Nima Aghaeepour, PhD
Assistant Professor of Anesthesiology, Pain, and Perioperative Medicine
Nima Aghaeepour is an Assistant Professor at Stanford University. His laboratory develops machine learning and artificial intelligence methods to study clinical and biological modalities in translational settings. He is primarily interested in leveraging multiomics studies and wearable devices to address global health challenges. His work is recognized by awards from numerous national and international organizations including the Bill and Melinda Gates Foundation, the March of Dimes Foundation, the Burroughs Wellcome Fund, the National Institute of General Medical Sciences, and the National Center for Advancing Translational Sciences.
Katrin Andreasson, MD
Professor of Neurology and Neurological Sciences
Biomarker Core Associate Leader
Dr. Andreasson is Professor in the Department of Neurology and Neurological Sciences, and is a neurologist who treats patients with dementia and who is also engaged in basic research in neurodegenerative disorders. Dr. Andreasson received her M.D. degree at Columbia University College of Physicians & Surgeons, completed her residency in Neurology at Johns Hopkins School of Medicine, and carried out her postdoctoral training in the Johns Hopkins Department of Neuroscience, where she began her research studies on the function of brain inflammation in development of neurodegenerative disease. The objectives of her laboratory research are to identify specific inflammatory pathways that may be targeted to prevent and treat neurodegenerative disorders such as Parkinson’s disease and Alzheimer’s disease.
Divya Channappa, MS
ADRC Biomarker Core Project Coordinator
Divya Channappa received her BS degree in industrial biotechnology from Anna University (India) and her MS degree in molecular microbiology and immunology from the University of Southern California. Before coming to Stanford, she was a research associate at the Beckman Research Institute, City of Hope in Duarte, California. Within the Stanford ADRC, she processes blood and spinal fluid samples; inventories, stores, and distributes brain tissues and other biological specimens; and assists researchers with laboratory procedures requiring expertise in techniques of molecular biology.
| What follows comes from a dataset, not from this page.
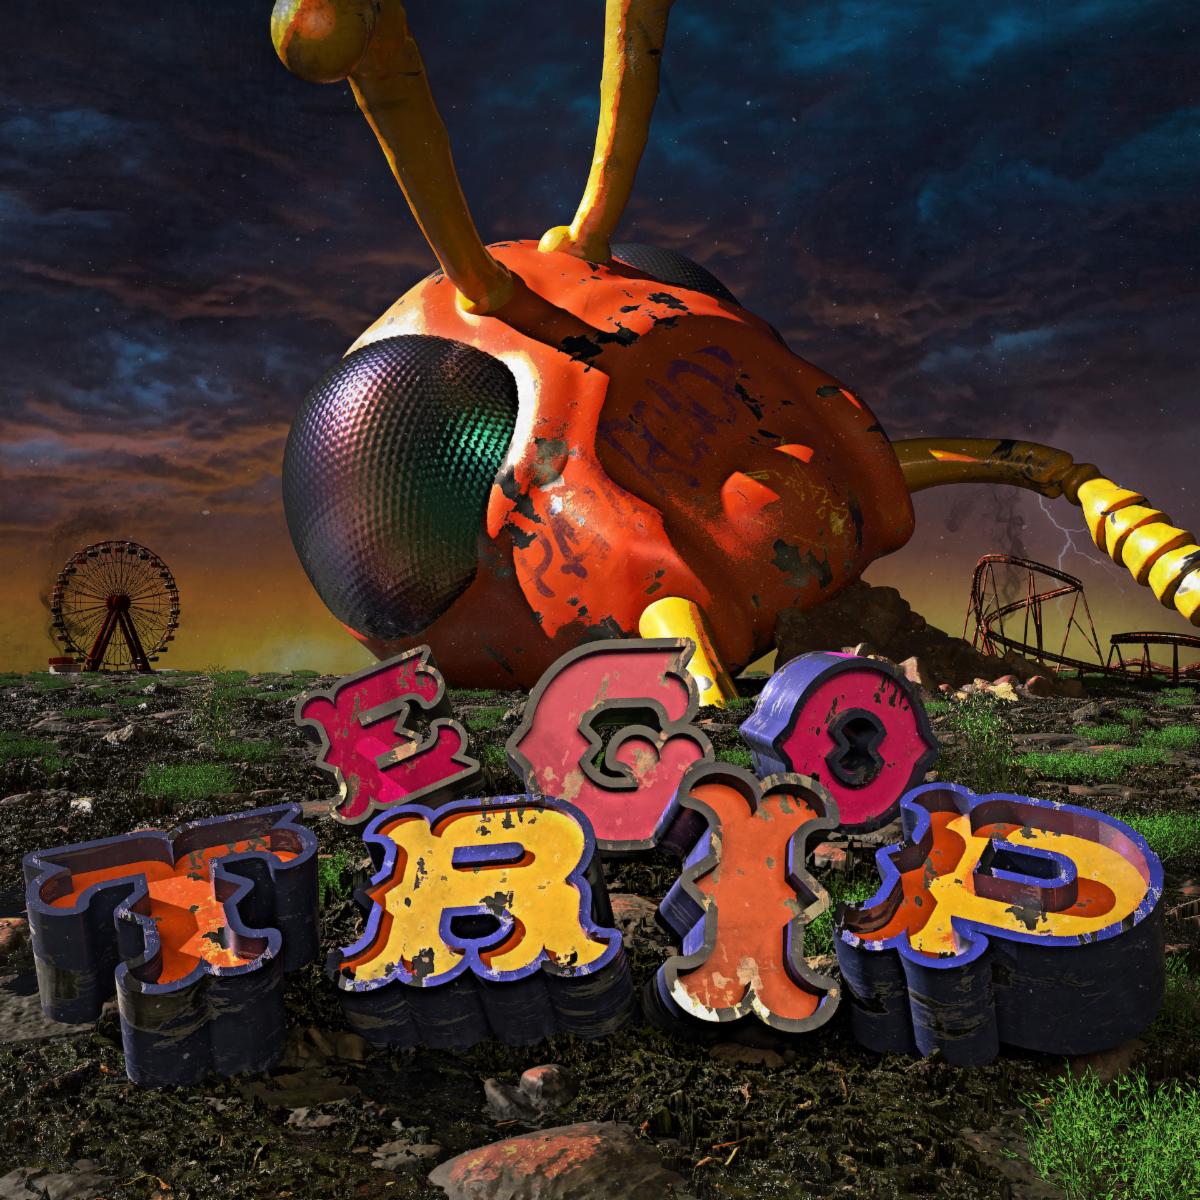 Papa Roach release 11th studio album 'EGO TRIP'

Patricia Losada Moran, PhD
Postdoctoral Research Fellow
Patricia is a bioinformatician interested in studying genetics and proteomics and its implications in human health. She obtained her PhD from Hannover Medical School in January 2016. She continued her research career as a postdoc in UC San Diego where she studied the impact of autism mutations in human brain organoids and mice. She joined the Wyss-Coray lab in March 2019 where she is part of the Stanford Alzheimer’s Disease Research Center (ADRC) contributing to the understanding and discovery of novel biomarkers for Alzheimer’s and Parkinson’s disease.
Malia Belnap, BS
Assistant Clinical Research Coordinator
Malia Belnap received her Bachelor’s degree in Neuroscience at Santa Clara University. As an undergraduate, she worked as a lab assistant for the department of neuroscience and department of biochemistry. Before coming to Stanford, she worked as a healthcare consultant in San Francisco. In her free time, Malia loves to ski, hike and spend time at the beach.